# Old Town/South Ridge/Burj Residences, etc with kids



## lkgriffith (Aug 20, 2008)

Hi--my husband and I are moving to Dubai in the fall--November probably. We are looking for a place central enough as I will be working in the financial center and he will be working in the airport tax free zone. We have been thinking about Old Town or one of the other nearby apartment complexes, like South Ridge or the Residences. We have a 2 year old daughter and I am wondering how the facilities are for children (play areas, kids pools, other small kids?) in these developments? Also, we'd like 3 bedrooms and if possible a maids room--what would be reasonale rent to pay for something like this?

Thanks for any info!!!!


----------



## Maz25 (Jul 6, 2008)

Bhomes.com will give you a fair idea of rental prices in those areas. Once you get out here, try Cluttons or Hamptons as well.


----------



## Chick (May 15, 2008)

*Life in The Old Town*



lkgriffith said:


> Hi--my husband and I are moving to Dubai in the fall--November probably. We are looking for a place central enough as I will be working in the financial center and he will be working in the airport tax free zone. We have been thinking about Old Town or one of the other nearby apartment complexes, like South Ridge or the Residences. We have a 2 year old daughter and I am wondering how the facilities are for children (play areas, kids pools, other small kids?) in these developments? Also, we'd like 3 bedrooms and if possible a maids room--what would be reasonale rent to pay for something like this?
> 
> Thanks for any info!!!!


The Old Town should be perfect for you; there are chilcren's playgrounds, wonderful swimming pools with kiddie pools and play equipment and, best of all, it's a pedestrian zone, so you can walk to the shop, restaurants, etc., with the cars hidden necly underground. It's ideally suited for the DIFC and is a reasonable quick drive to the airport, as well.


----------



## kelly1814 (Mar 31, 2008)

i live in south ride and there are two pools, both with a kids one (covered) and a playground bit. lots of areas for them to run around outside. and LOTS of other families with kids, regularly in the pool in the evenings etc. i think you'll like it!


----------



## lkgriffith (Aug 20, 2008)

*Thanks for your responses*

 Great! Thanks so much. It's so hard to know the real story when you are doing research remotely, and I want our search to be very targeted when we do come to Dubai next week for the house-hunting trip . . .


----------



## tiffclark1 (Sep 5, 2008)

lkgriffith said:


> Great! Thanks so much. It's so hard to know the real story when you are doing research remotely, and I want our search to be very targeted when we do come to Dubai next week for the house-hunting trip . . .
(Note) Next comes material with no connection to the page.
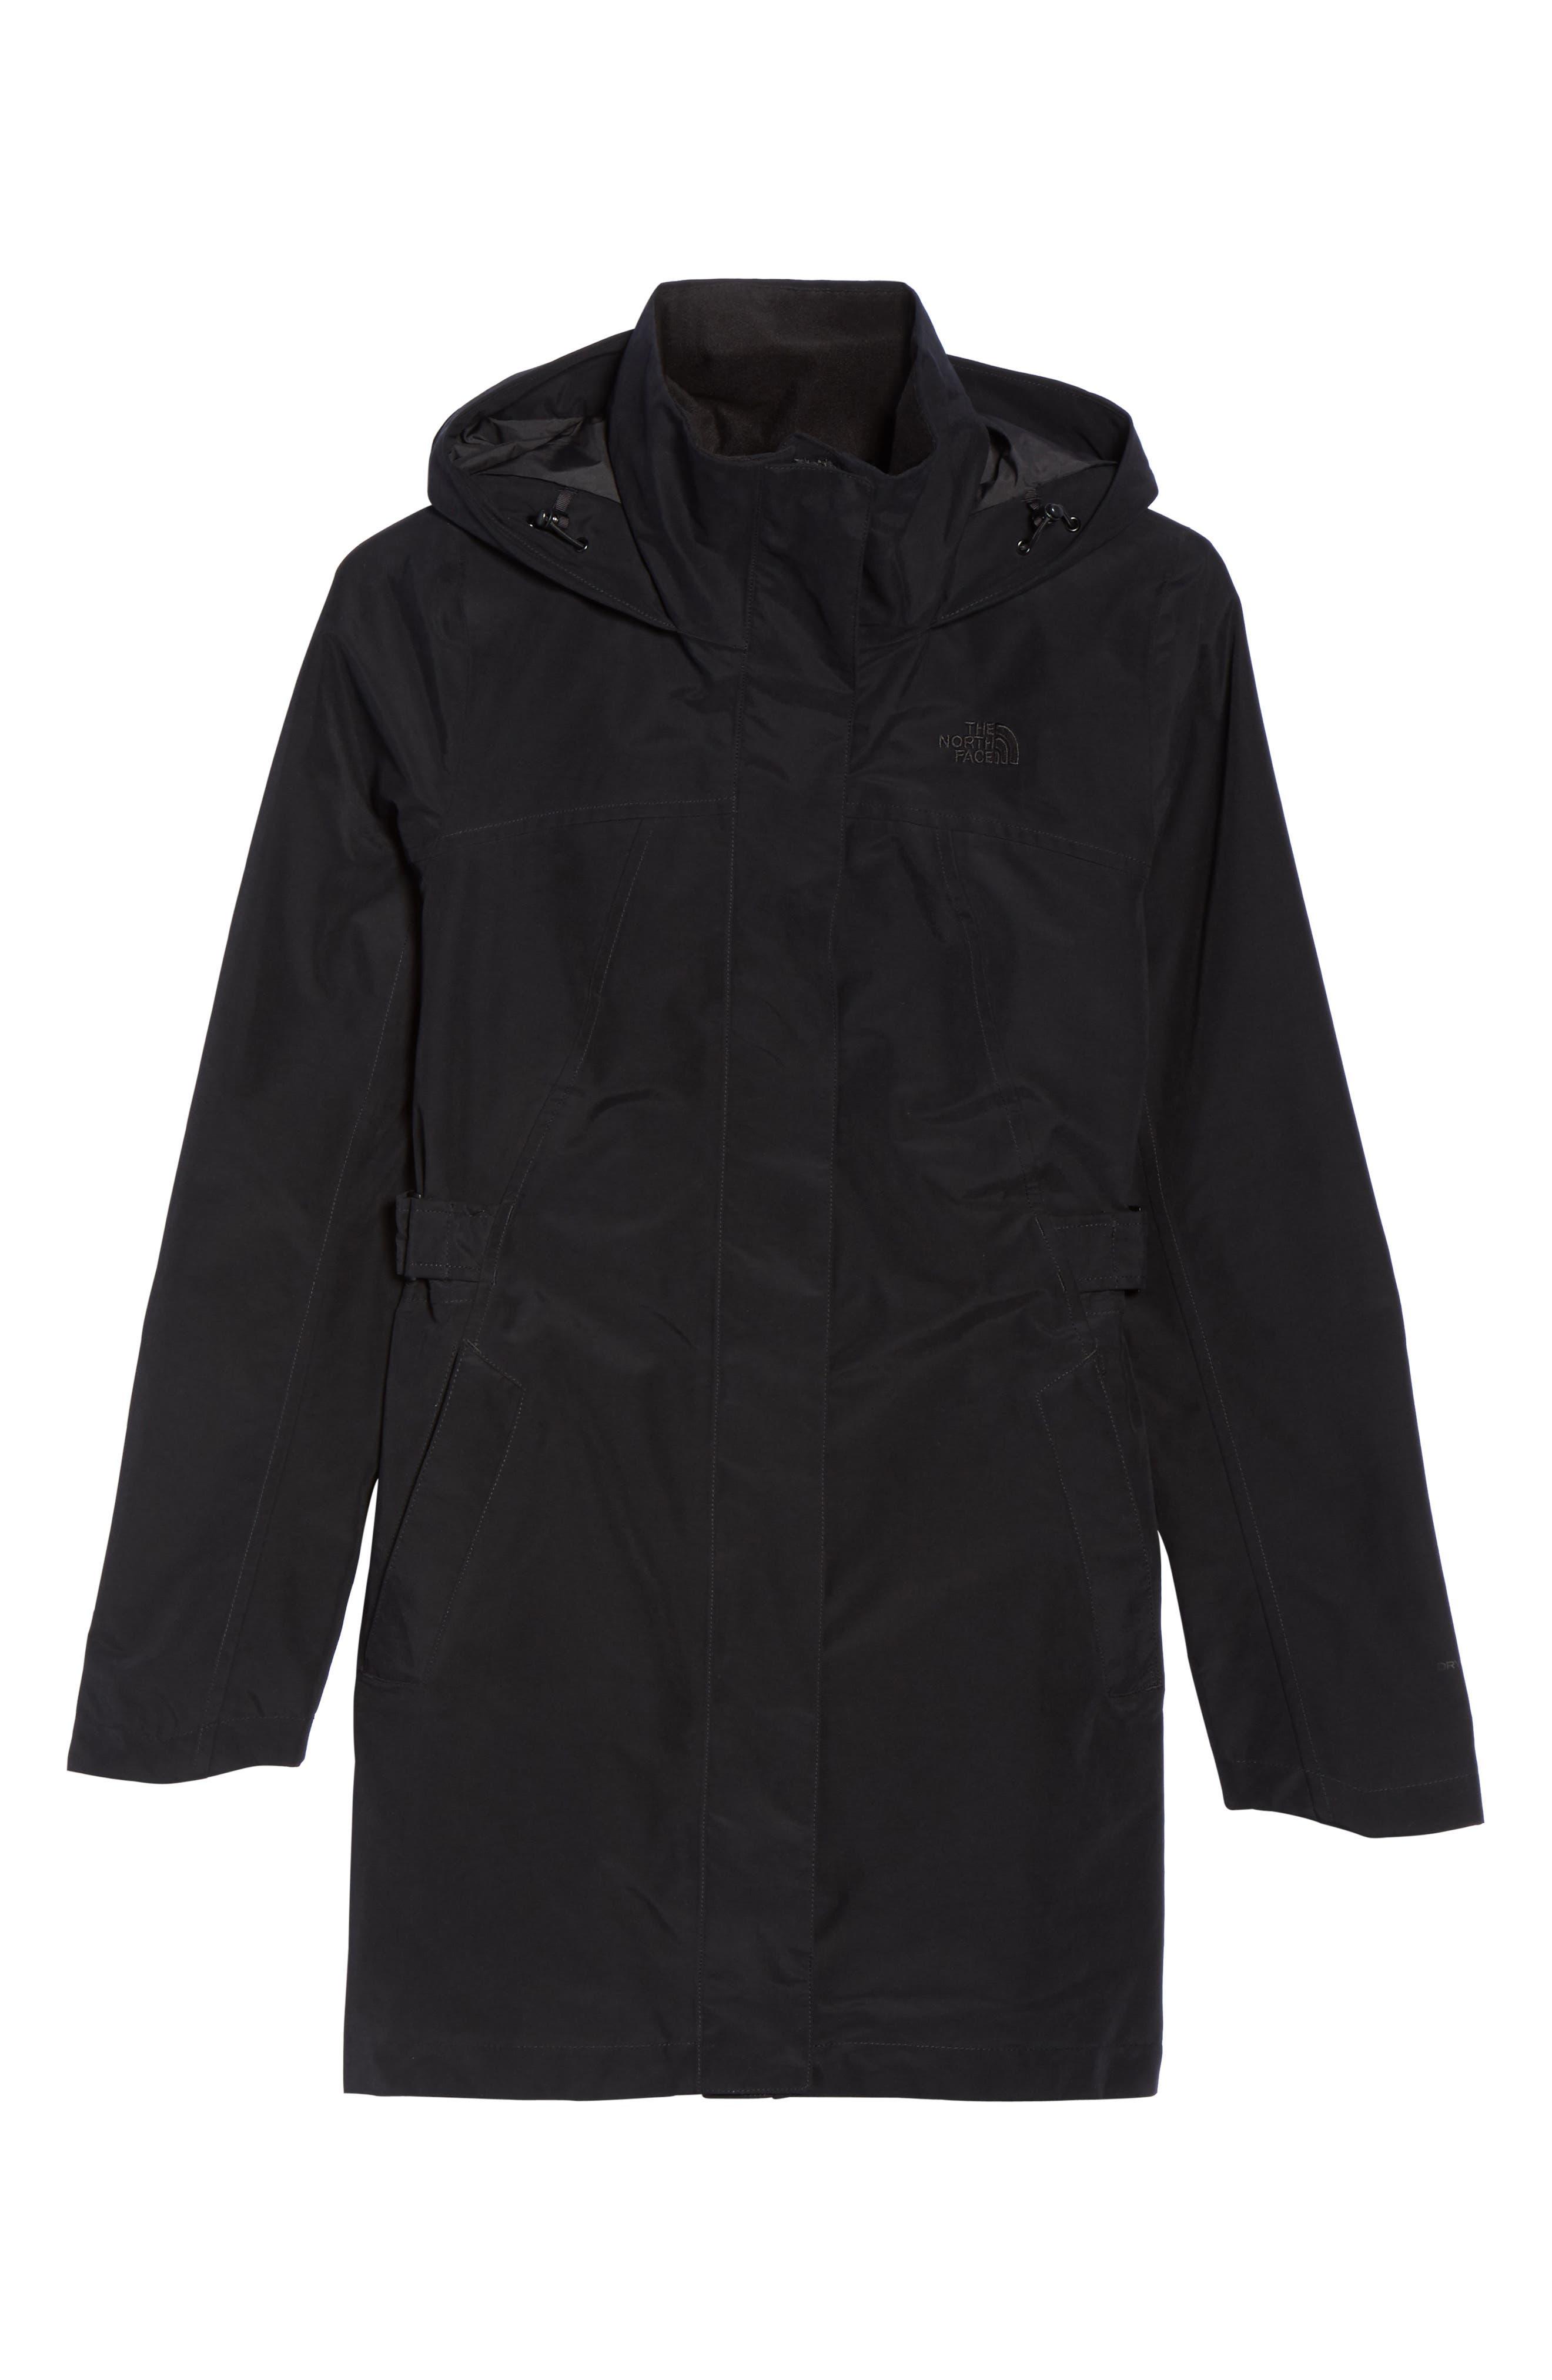 Laney II Trench Raincoat,                             Alternate thumbnail 7, color,                             Tnf Black

I'm not sure if you have arrived here already, but we just found a place in the Recidences (right next to Old Town). I have a small son and we are loving it here. We've been here about a week. My husband works in the DIFC


----------



## lkgriffith (Aug 20, 2008)

tiffclark1 said:


> I'm not sure if you have arrived here already, but we just found a place in the Recidences (right next to Old Town). I have a small son and we are loving it here. We've been here about a week. My husband works in the DIFC


We found a place in the residences too. We will be arriving some time in December. How old is your son? My daughter is 2. She'll be going to Kangaroo Kids in the mornings but we'll be free in the afternoons until I find I job, so maybe we can get together when we move in.


----------